Christiane F-V : C’est qu’on assiste, avec une densification mal maîtrisée, à la disparition quasi-totale du végétal. On aura beau mettre les couleurs les plus vives, les mieux assorties, cela ne fonctionne pas sans le végétal. Ce qu’on appelle «  la belle couleur », si on la sort du contexte, peut très bien ne plus être belle. Un rouge va être beau sur un fond vert ou bien parce qu’il y a un bougainvillier fleuri à côté, s’il y a un croton devant. Le contexte végétal était là pour exalter la couleur.

Immeuble récemment construit à Ste Clotilde aux dépens du végétal, seules les petites cases maintiennent le végétal.

dpr : on voit ici ou là une construction géométrique  flamboyante sur un flanc de colline. Cela est parfois choquant…

Christiane F-V. Il n’y a pas de règle générale. Il faut étudier cas par cas. Il y a deux options en architecture : soit on intègre la maison au paysage. C’est ce que fait Frank Lloyd Wright pour la maison à la cascade (1) ; la maison est dans ce cas parfaitement intégrée à la cascade. Ou alors on prend le parti de faire une architecture qui va être, elle-même, une mise en valeur du contexte. L’architecture sera  là pour exalter ce qui l’entoure. De toute façon le site est extrêmement important pour prévoir l’architecture.

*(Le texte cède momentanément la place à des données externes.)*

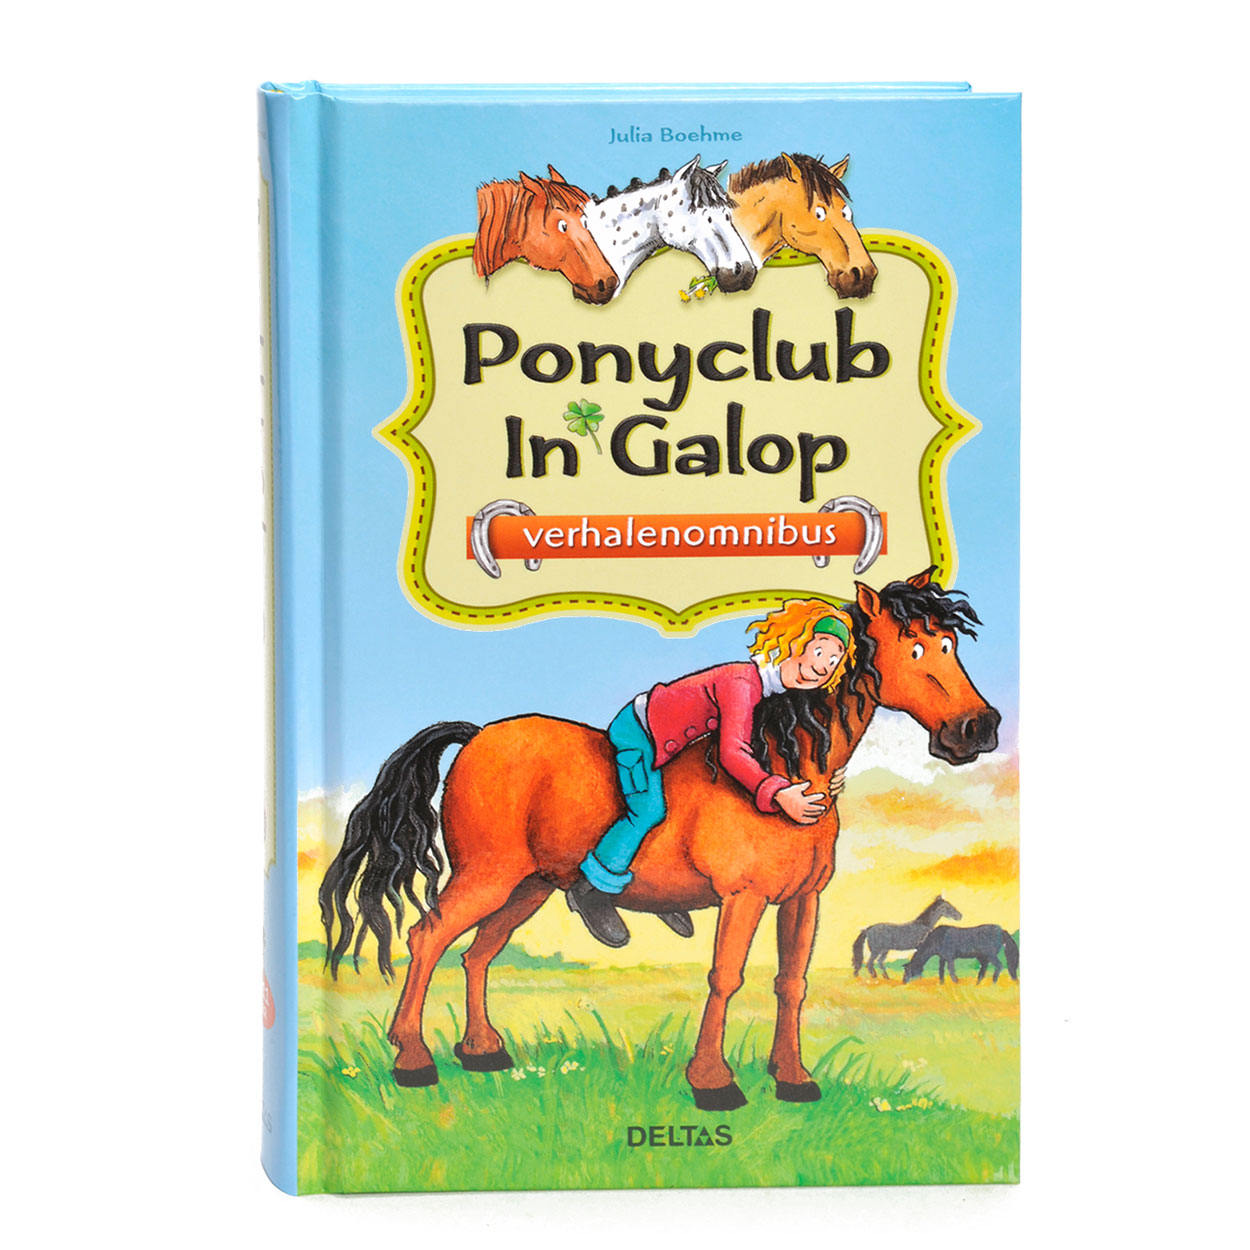 Ponyclub in galop verhalenomnibus
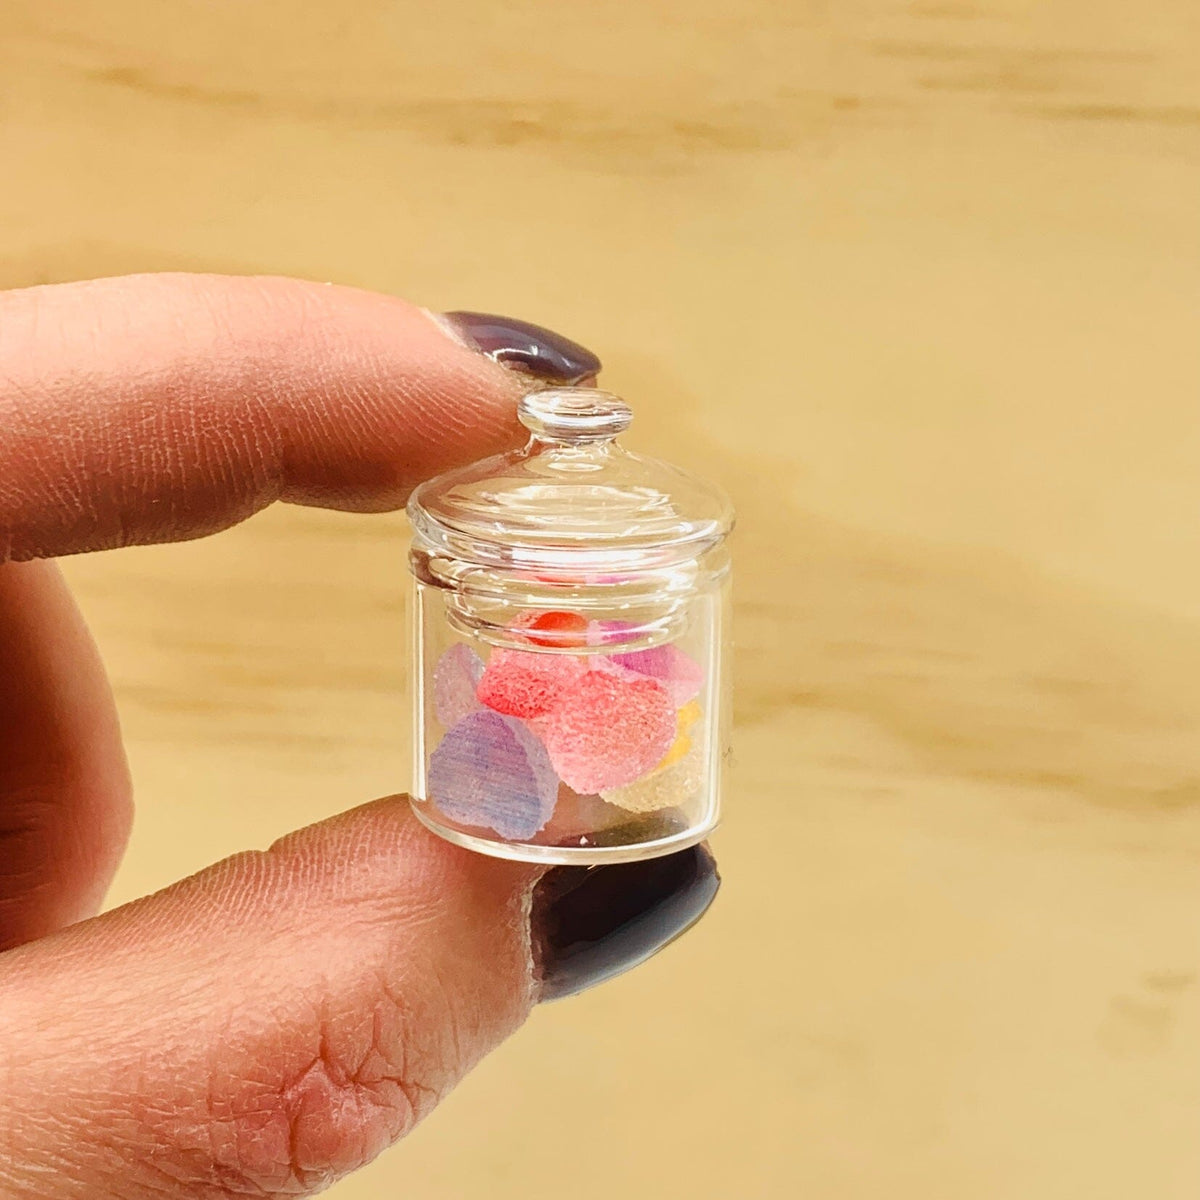 Tiniest Jar of Gumdrops, Hearts Miniature -

dpr : je vous remercie infiniment au nom de tous nos lecteurs.

Christiane FAUVRE-VACCARO a été enseignante et formatrice en arts plastiques et en histoire de l’art à La Réunion depuis 1976.

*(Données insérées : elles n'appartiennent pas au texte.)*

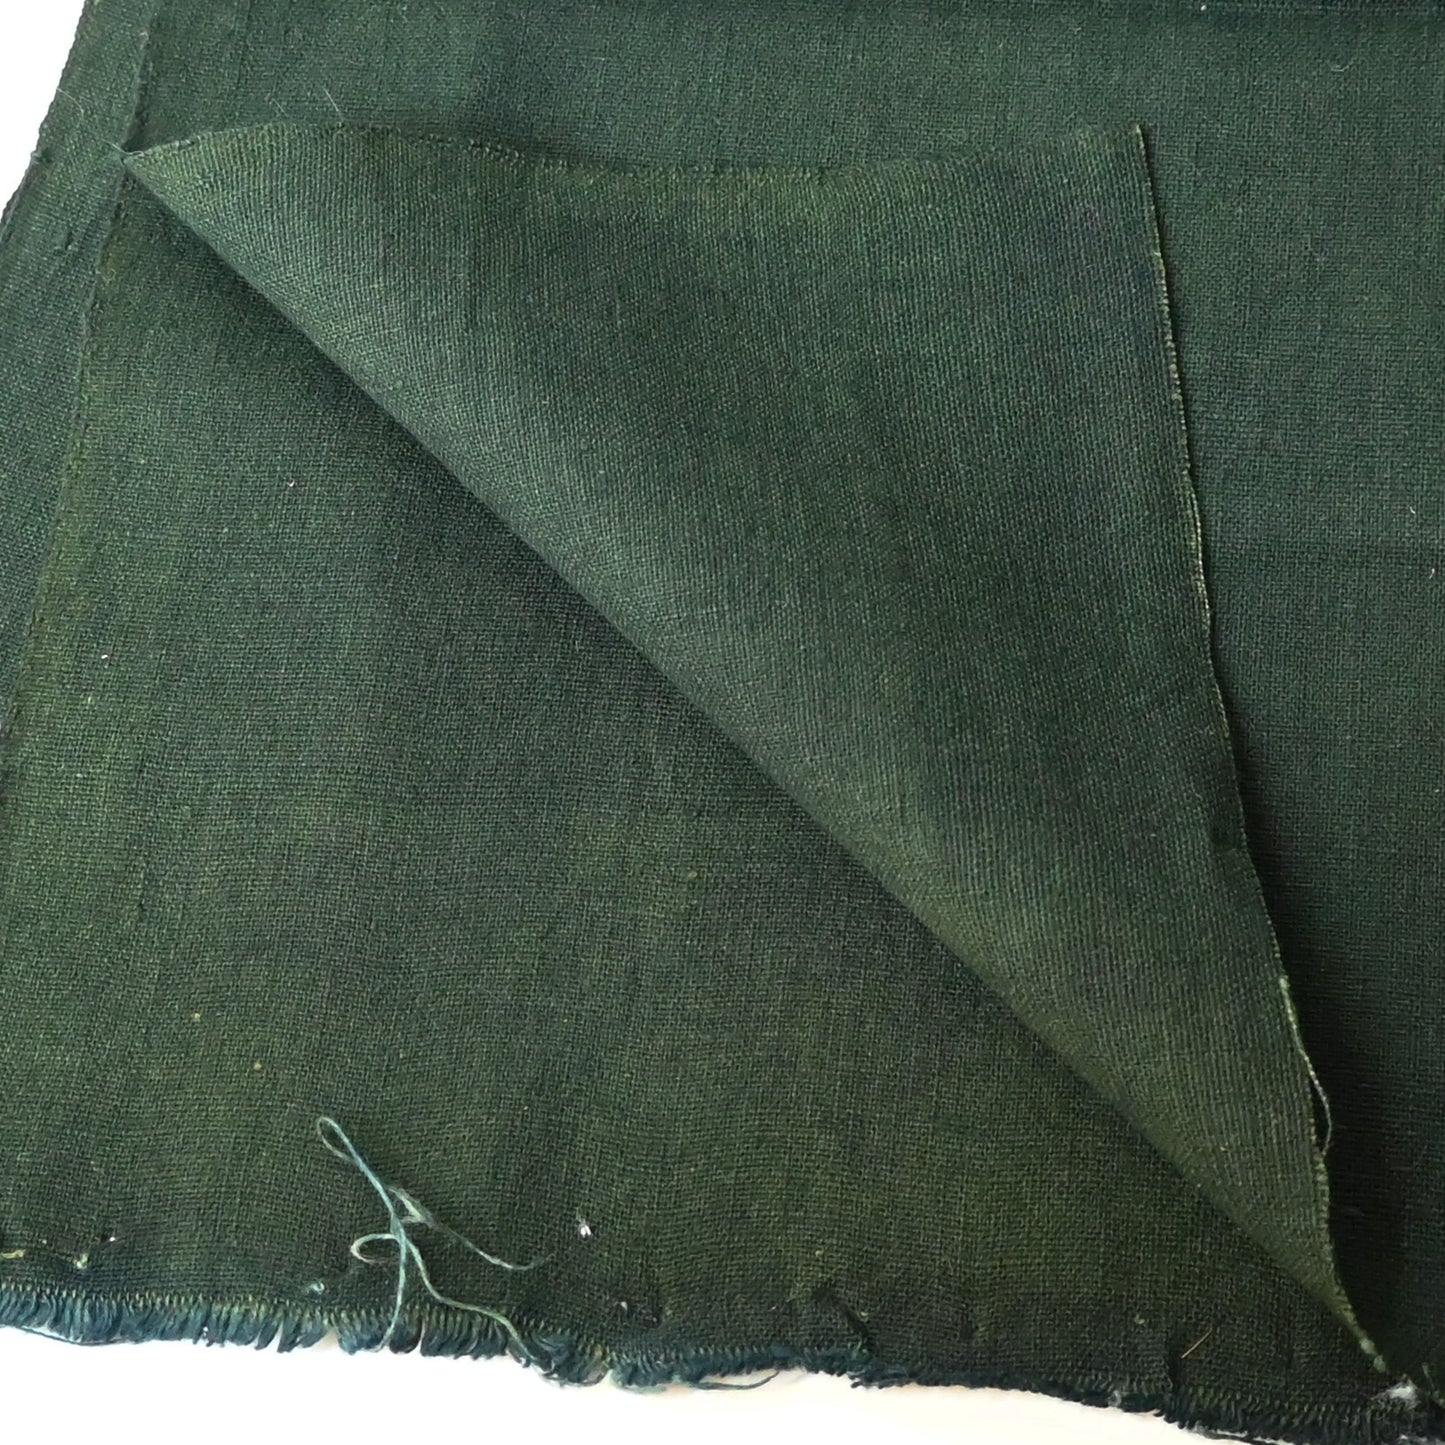 Vintage Plain Indigo Green Cotton

– En 1984 elle a écrit et publié avec le CAUE et village TITAN un livre        intitulé : Des cases et des couleurs à La Réunion

– Elle a participé à la publication universitaire : «  cultures empiriques et identités culturelles ».

– En 2006  elle a publié avec l’Ecole des Beaux-Arts de La Réunion « Paysages fertiles » avec la collaboration d’Edward Roux, Jean-Louis Robert et Laurent Zitte.

(1) On trouvera aisément sur Internet un site présentant «  la maison à la cascade » de Frank Lloyd Wright.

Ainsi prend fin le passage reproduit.